Kwon Tae-Eun, Sung Sukyung, Kim Augustine Yonghwi, Lee Byung-Hoo
Department of Biochemical Engineering, Seoil University, Seoul, 02192 Republic of Korea.
Department of Food Science and Biotechnology, Sejong University, Seoul, 05006 Republic of Korea.
Food Sci Biotechnol. 2025 Feb 14;34(9):2005-2010. doi: 10.1007/s10068-025-01820-3. eCollection 2025 May.
This study investigates the biotransformation of Uiseong garlic, a South Korean variety renowned for its distinct sulfur compounds, by lactic acid bacteria (LAB) during kimchi fermentation. Using GC-MS, 26 volatile compounds, including 3-vinyl-1,2-dithiocyclohex-4-ene and 3-vinyl-1,2-dithiocyclohex-5-ene, were identified in garlic extracts. Four LAB strains active in early-stage kimchi fermentation degraded primary sulfur compounds and produced unique metabolites, such as pyrazine and allyl methyl disulfide. These biotransformed compounds reduced garlic's pungency while enhancing savory and umami flavors, creating a balanced and complex sensory profile. Strain-specific differences and fermentation conditions, especially temperature, significantly influenced flavor development. The findings underscore Uiseong garlic's pivotal role in flavor modulation and its potential for consistent quality in commercial kimchi production.
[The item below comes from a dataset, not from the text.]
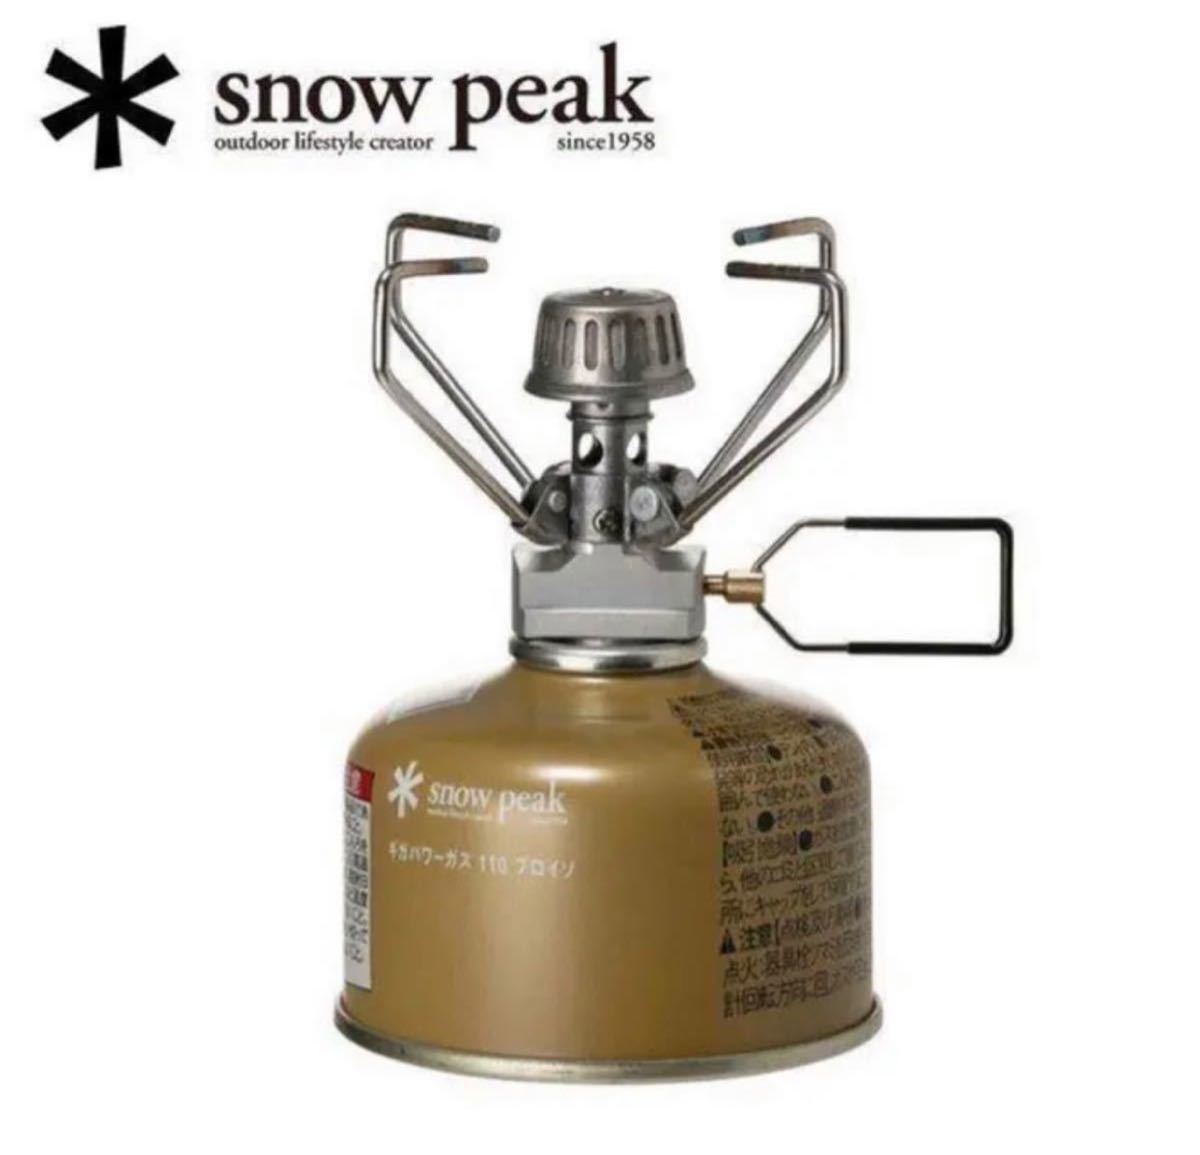 スノーピーク シングルバーナー ギガパワーストーブ 地 GS-100R2 snow peak (キャンプ アウトドア用品) 
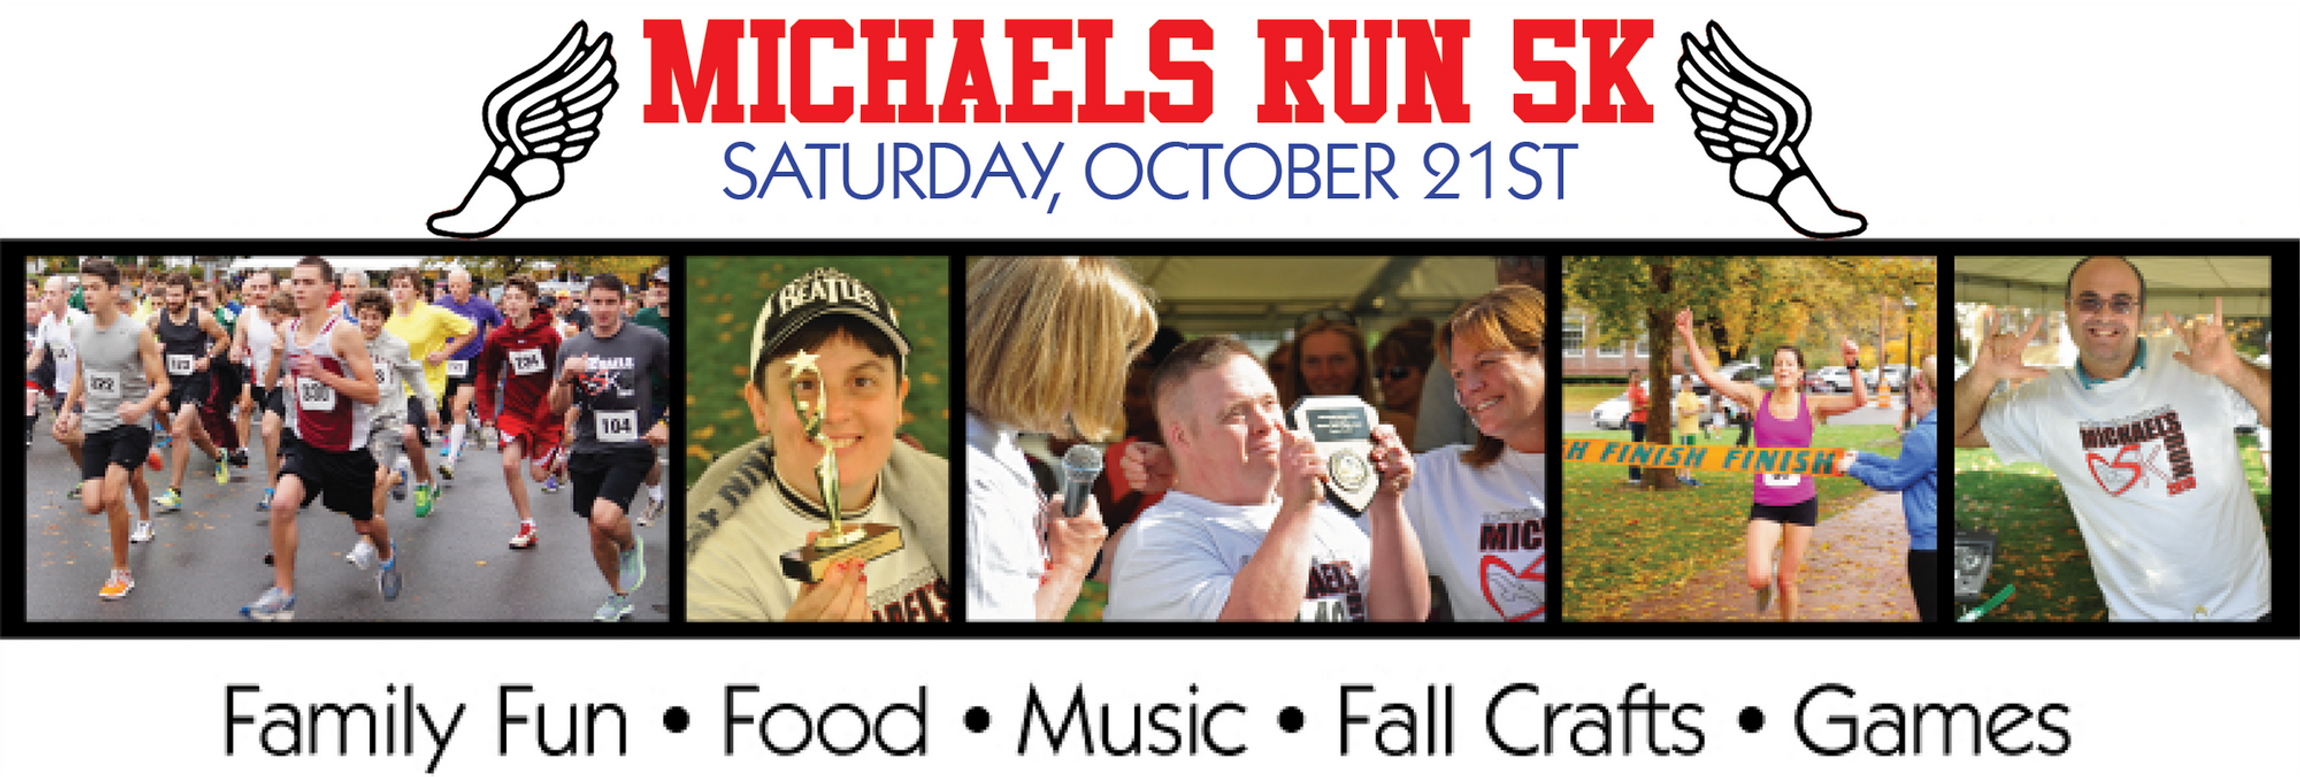 Michael’s Run 5K for Respite Center Oct. 21

This research can be applied to flavor transformation mechanisms and supports precision fermentation strategies to optimize sensory profiles and meet consumer preferences.
The online version contains supplementary material available at 10.1007/s10068-025-01820-3.
本研究调查了韩国蔚山大蒜在泡菜发酵过程中被乳酸菌(LAB)进行的生物转化。蔚山大蒜以其独特的含硫化合物而闻名。利用气相色谱 - 质谱联用仪(GC - MS),在大蒜提取物中鉴定出26种挥发性化合物,包括3 - 乙烯基 - 1,2 - 二硫环己 - 4 - 烯和3 - 乙烯基 - 1,2 - 二硫环己 - 5 - 烯。在泡菜发酵早期活跃的四种乳酸菌菌株降解了主要的含硫化合物,并产生了独特的代谢产物,如吡嗪和烯丙基甲基二硫化物。这些生物转化后的化合物降低了大蒜的辛辣味,同时增强了风味和鲜味,创造出一种平衡且复杂的感官特征。菌株特异性差异和发酵条件,尤其是温度,对风味形成有显著影响。研究结果强调了蔚山大蒜在风味调节中的关键作用及其在商业泡菜生产中保持稳定品质的潜力。这项研究可应用于风味转化机制,并支持精确发酵策略以优化感官特征并满足消费者偏好。
在线版本包含可在10.1007/s10068 - 025 - 01820 - 3获取的补充材料。